Crypto-native payment cards are entering a new phase of adoption, with usage data pointing to a clear inflection point.
Since December 2024, daily transactions have surged 22x, signaling a shift away from manual offramping and toward routine, real-world spending directly from on-chain balances.
Transaction Growth Signals Behavioral Shift
By mid-January 2026, daily crypto card transactions have climbed from roughly 2,700 per day in late 2024 to nearly 60,000 per day. In parallel, the total value processed through these cards has reached approximately $4 million per day, highlighting not just higher user counts but sustained spending activity.

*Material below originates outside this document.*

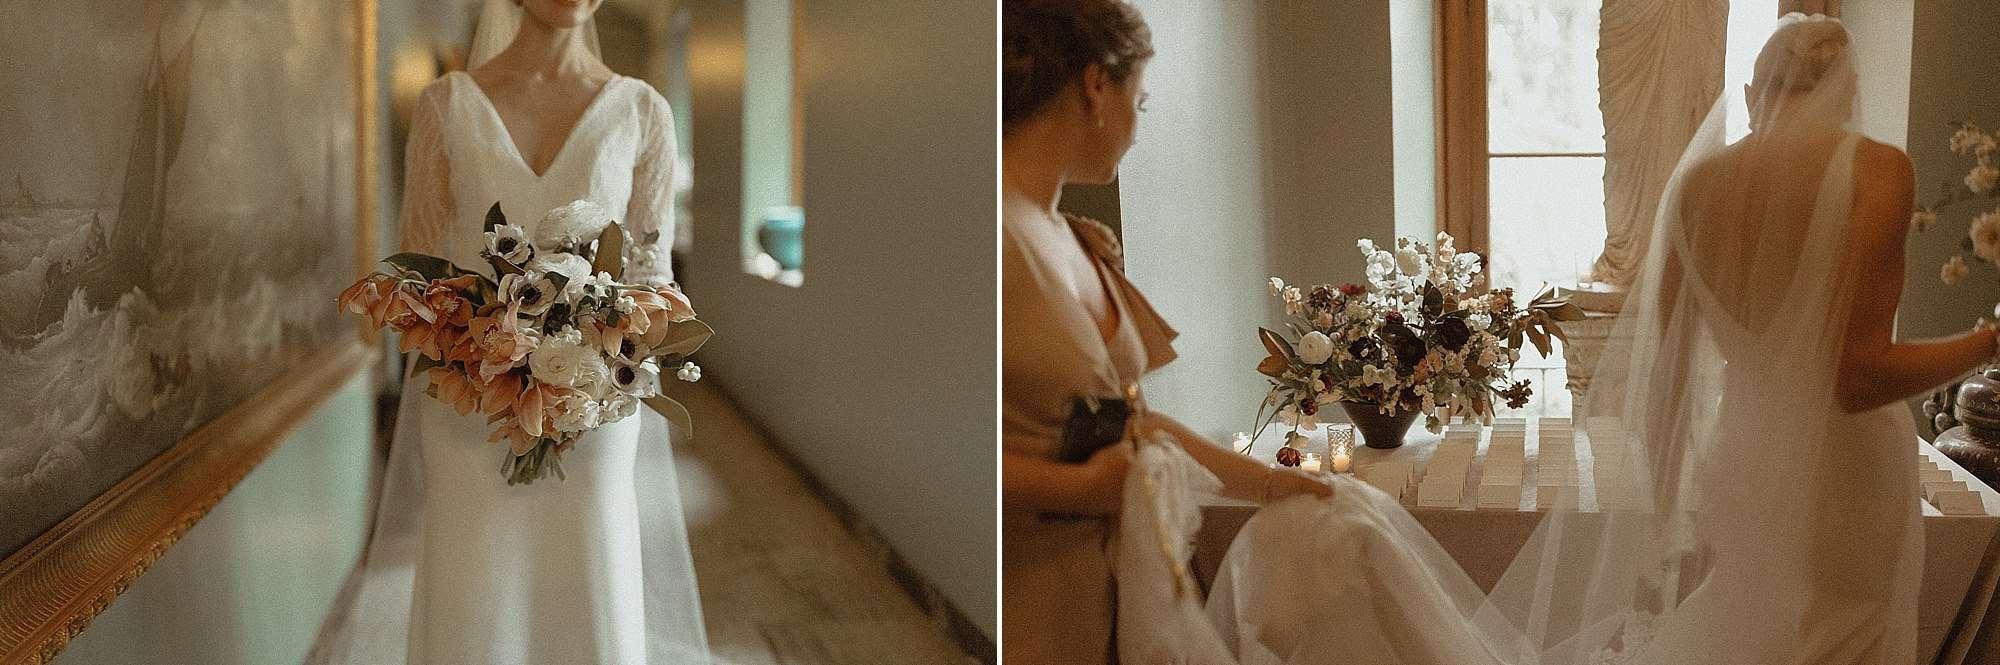 paramour estate wedding Los Angeles

On a broader time horizon, monthly crypto card spending reached $1.5 billion by late 2025, translating into an $18 billion annualized run rate. This growth profile suggests crypto cards are no longer a niche convenience, but an increasingly embedded payment method for active on-chain users.
Market Structure and Leading Providers
The ecosystem remains concentrated among a small group of issuers. EtherFi currently accounts for about 50% of all daily crypto card transactions, making it the dominant player by volume. Other contributors include Gnosis, MetaMask, Solayer, Avici, Cypher, and Exa.
On the network layer, Visa facilitates more than 90% of tracked on-chain card transactions, underscoring its central role in bridging blockchain balances with existing merchant infrastructure. Mastercard participation is growing, but remains secondary in overall share.
A key structural driver behind this expansion is the rise of “full-stack issuance.” Providers such as Rain and Reap are increasingly connecting directly to card networks, reducing reliance on traditional banking intermediaries and shortening settlement paths.
What’s Driving Adoption at the Point of Sale
The primary catalyst is frictionless offramping. These cards automatically convert crypto to fiat at the moment of purchase, allowing users to remain fully on-chain until the point of sale. This removes the need for pre-emptive conversions or exchange withdrawals, which historically discouraged frequent use.
Stablecoins play a central role in this flow. Because most merchants still operate exclusively on Visa and Mastercard rails, crypto cards have become a practical distribution channel for on-chain stablecoin liquidity. The result is higher transaction frequency rather than larger transaction size.
That dynamic is visible in the data: the average retail crypto card payment is now approximately $112, indicating that usage has shifted toward everyday expenses rather than sporadic, high-value transfers.
A Maturing Payments Layer
Taken together, the data reflects a change in how crypto is used, not just held. The 22x increase in daily transactions suggests crypto payment cards are crossing from experimental tooling into habitual financial infrastructure, where spending behavior increasingly resembles traditional card usage, only with on-chain balances as the funding source.